Apprentice: We are already running out of room and starting to mix dimensions.

Rock: What would be a better way to do this?

Little Rock: We should be able to focus on a particular dimension of the data just as and when we need it. The dimensions are already in the data, so we should be able to use them. Alternatively, we can use an AI to deduce what dimension of a document to use given a user’s query.

Rock: And when they aren’t already present, what if they could be dynamically added to your data to further enhance it… something to think about!

So why impose an artificial taxonomy which only limits and hinders our ability to navigate that data? Instead, we should empower any of these dimensions, whether they are categorical or numerical ranges.

Little Rock: What’s the difference?

Rock: Categorical metadata items are sets or groups of values. For example, a type of document like a PDF file or a Microsoft Word document.

Numerical ranges apply to monetary amounts, sizes and dates. So, imagine you are looking for documents only created or modified in the last six months.

Little Rock: A taxonomy can’t help you there, unless it can be changed to include date ranges?
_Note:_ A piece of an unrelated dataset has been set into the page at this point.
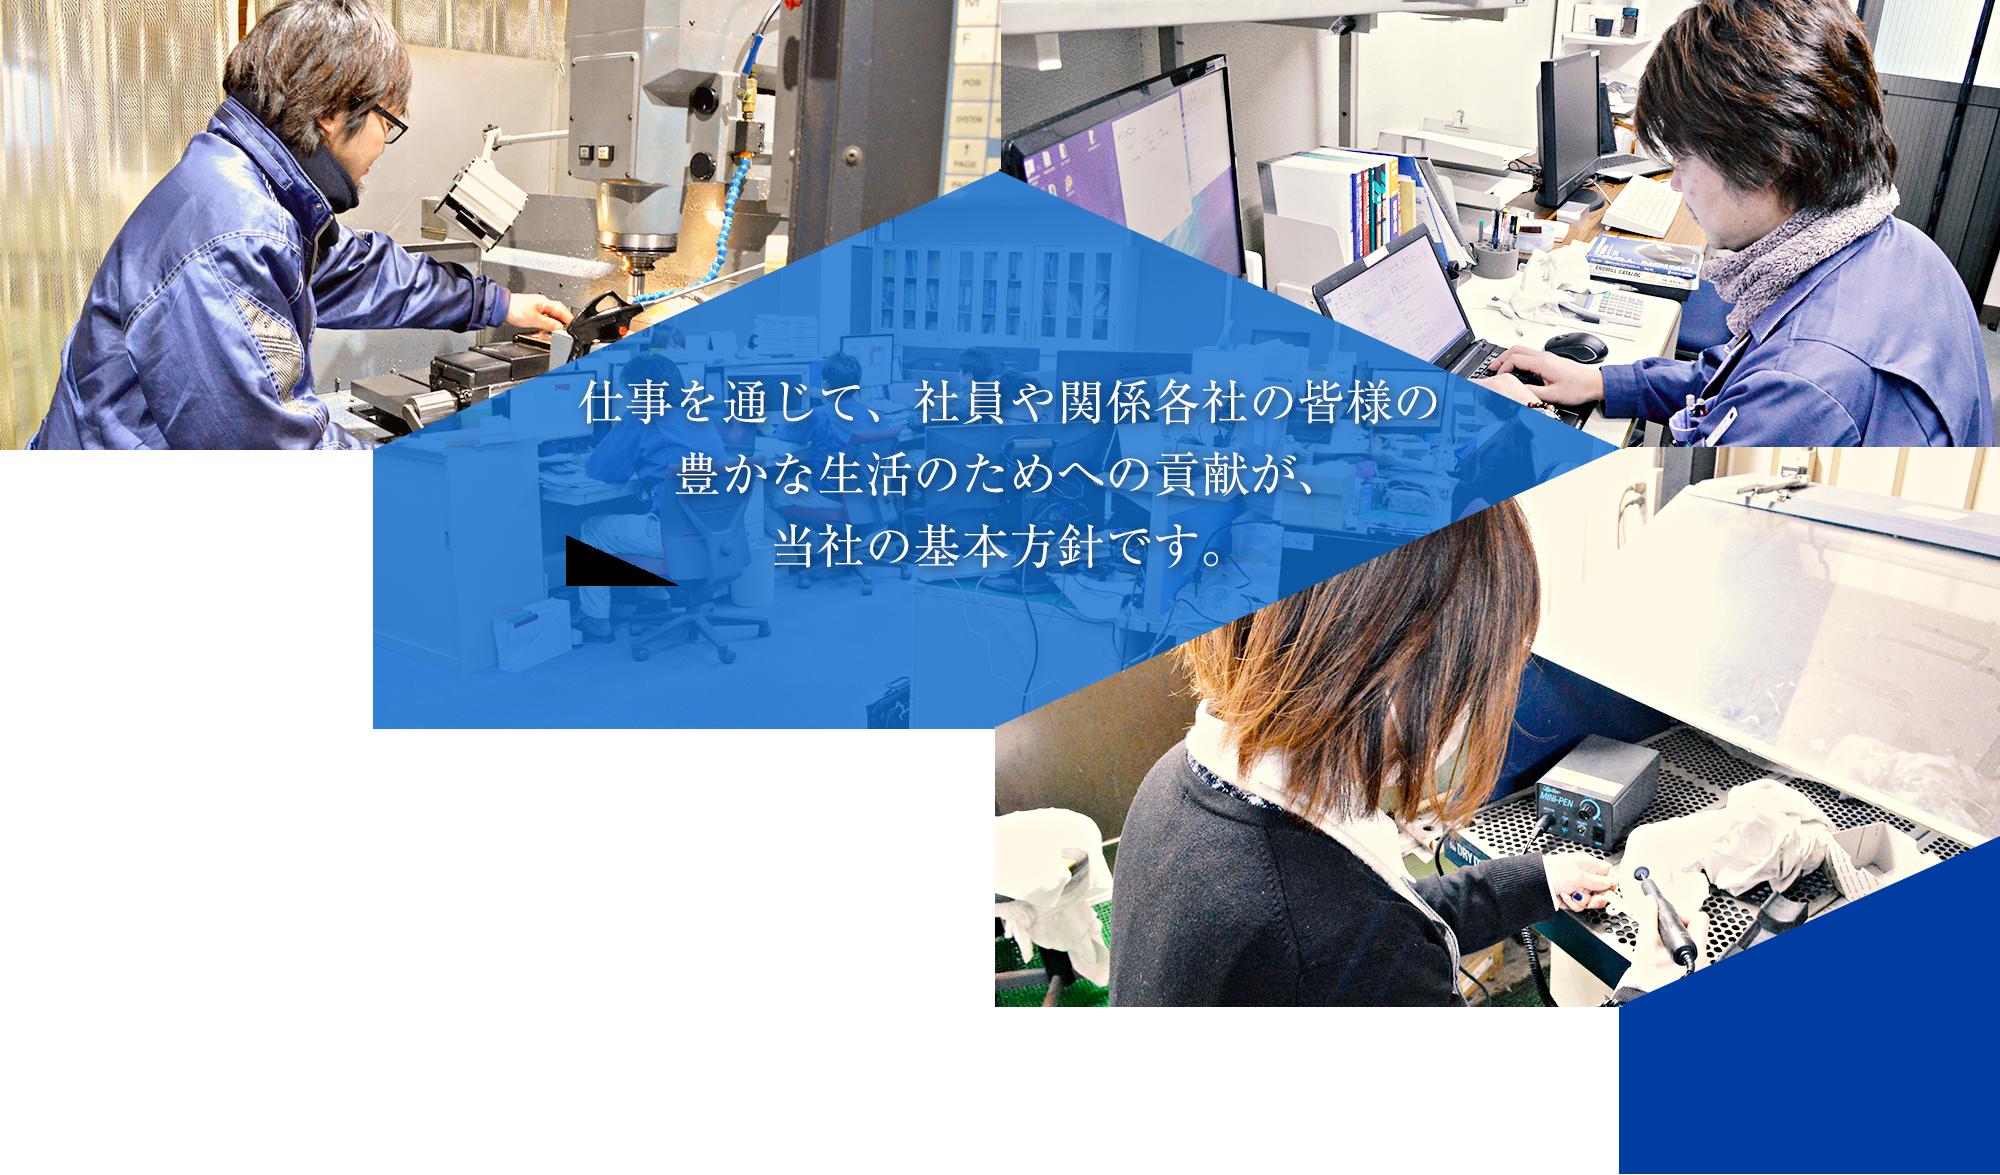 仕事を通じて、社員や関係各社の皆様の豊かな生活のためへの貢献が、当社の基本方針です。

Rock: Nope. Perhaps the most problematic thing is that taxonomies are absolute and rigid. Once it is set in place, a taxonomy can’t easily be changed. Creating taxonomies and classifying data accordingly takes a lot of effort, so undoing this work will be just as hard.

Little Rock: Frustrating. So if an organisation has taxonomies in place, they are pretty stuck, they can’t ever search for the different dimensions in their data?

Rock: That’s not necessarily the case. We can work with data whether or not it has taxonomies applied to it and we can unlock dimensions that aren’t identified within a taxonomy, to enhance its searchability.

So, Little Rock…what did we conclude?

Little Rock: Taxonomies are useless!! Only joking!

There is hope where taxonomies are concerned. If you were setting up a new information system tomorrow, would I recommend you use taxonomies to organise your data? No. If you want to use your data more dynamically even though it is already contained within a system of taxonomies, are you stuck? No!

Rock: Good answer…I would recommend that you start by asking the question: in a perfect world, how would you use your data? From here, you can begin to establish the dimensions of your data; what is already searchable through your taxonomies, what dimensions exist but are not built into the taxonomies (and therefore are not searchable), and the dimensions that are not yet present but if they were, could be very helpful indeed. Work on the basis that anything is possible and, in our data driven world of fast-paced innovation, it probably is!

About the Author:

Rock de Vocht is Chief Scientific Officer at SimSage and has been working for a long time...

He has over 40 years' experience in IT as a Software Developer, Software Architect, mentor and development team lead in a wide range of industry sectors. Rock holds Bachelor of Science (with honours in Computer Science), and Master of Science (in Computer Science) degrees from the University of Auckland, New Zealand.